Удивительная вещь эвалюция! С одной стороны, она привела к появлению человека, царя природы. С другой стороны – к необъяснимому разнообразию форм жизни. Злобные гиены, ядовитые поганки, уродливые ящерицы, кровососущие комары – кому они, спрашивается, нужны? Почему не вымерли, уступив место более разумно устроенным? Впрочем, эвалюция еще не закончилась. Советский человек еще наведет на планете порядок, оставив только культурные и красивые виды животных и растений, на всякий случай сохранив остальные в научных зоопарках и ботанических садах.

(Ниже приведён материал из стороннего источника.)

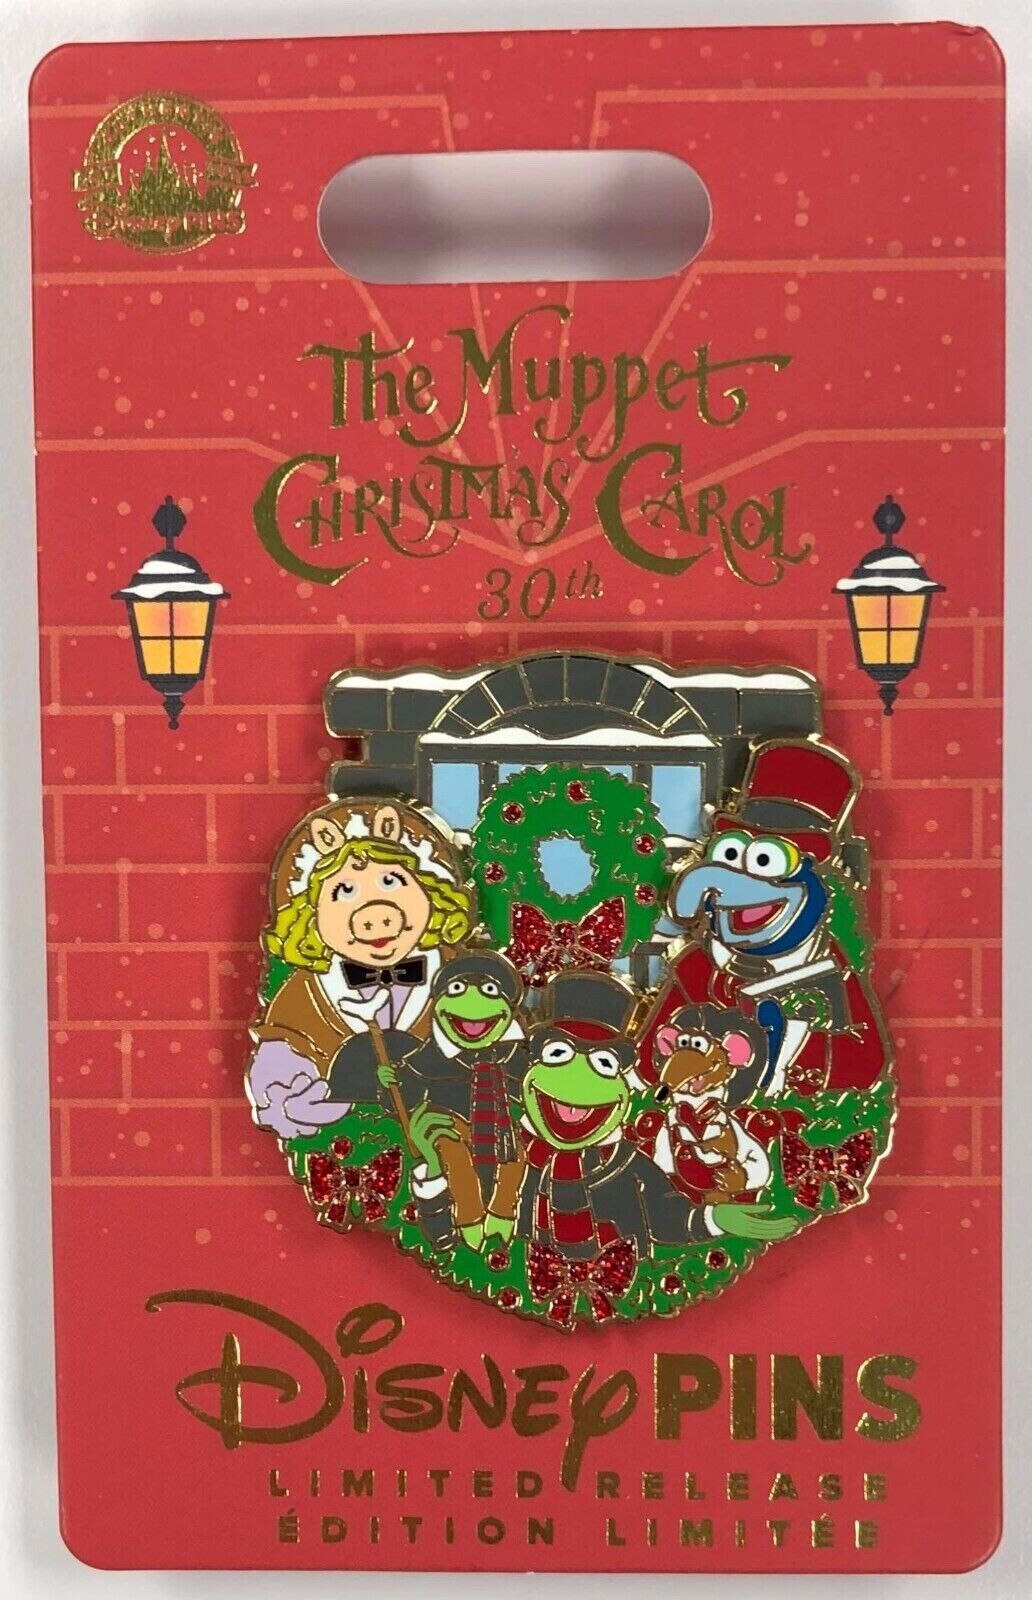 The Muppet Christmas Carol 30th Anniversary Disney LR Pin Brand New in package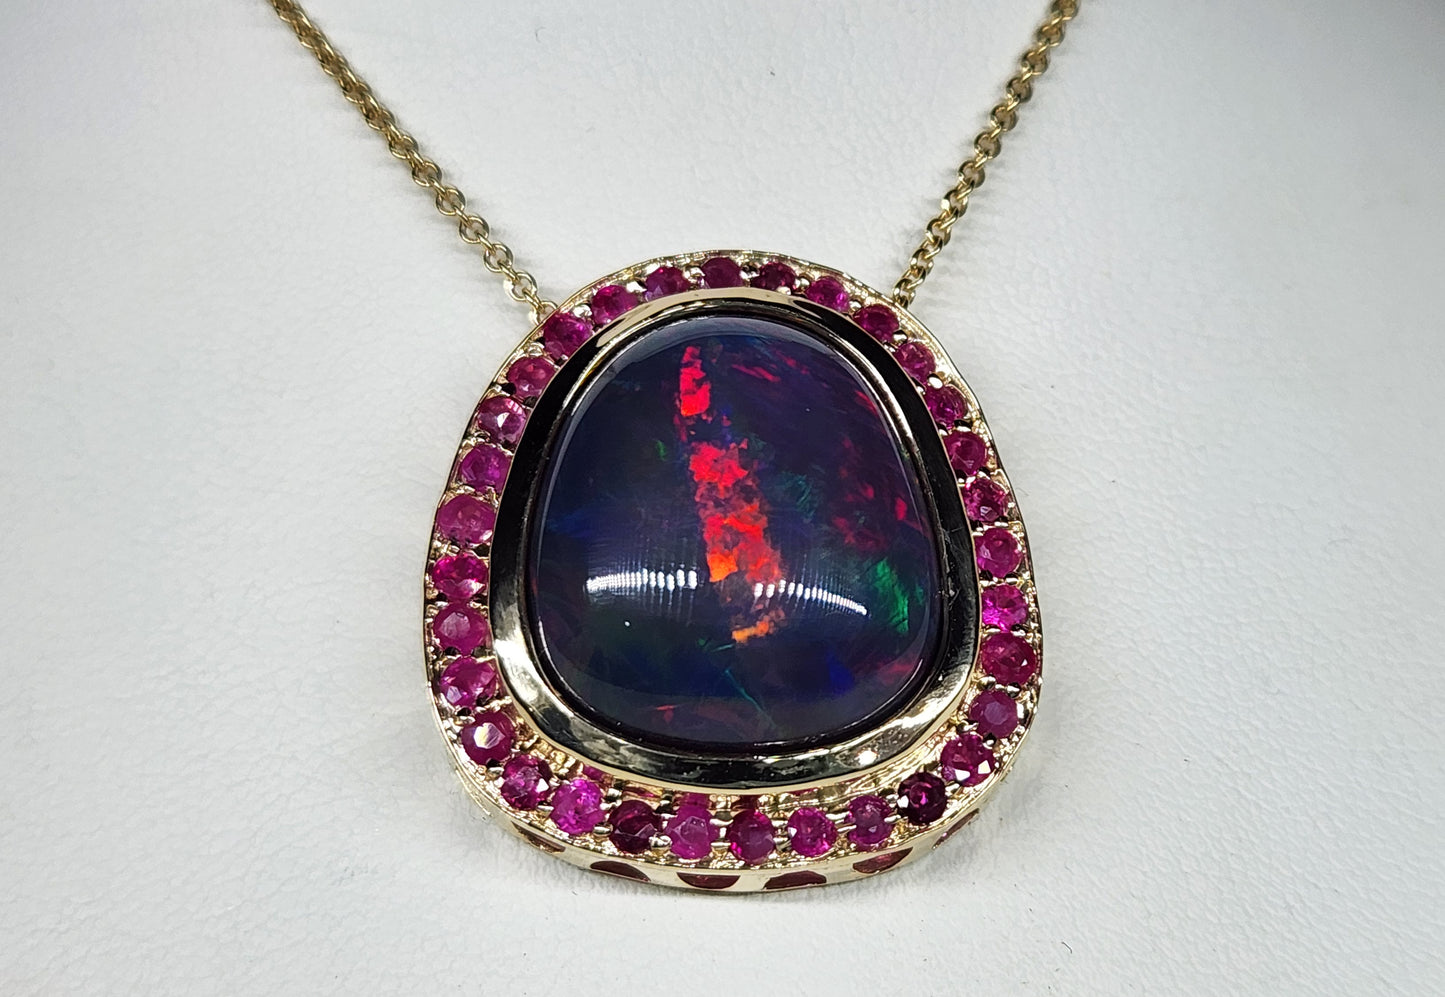 Black Opal & Ruby Pendant 14k Yellow Gold Necklace #397

Он дошел до самого дальнего края участка, где за непроницаемым зеленым забором лежали владения кого-то из выдающихся писцов и раздавались детские крики, – должно быть, писательские дети играли в прятки, скрываясь за толстыми стволами, ложась ничком в овражках, таясь в кустах дикой малины. Или в жмурки, когда водящему надевают на глаза повязку из подручного материала и он на время становится слепцом, ищущим зрячих; в комнате у него еще есть надежда, в лесу – вряд ли. Или в салочки, когда дети носятся друг за другом, пытаясь дотронуться до жертвы, которая после этого сама становится охотником. Опять же лес – не самое подходящее место для этой игры: бегущему грозит опасность споткнуться и упасть лицом вниз, сильно ударившись о землю, а то и о случившийся камень. Позавчера даже бедный Рувим Израилевич, размеренно прогуливаясь по участку, неудачно рухнул на землю, и очки его ударились о булыжник, наследие ледниковой эпохи. Одно стекло разлетелось вдребезги, а бакелитовая оправа – очевидно, достаточно изношенная – раскололась пополам.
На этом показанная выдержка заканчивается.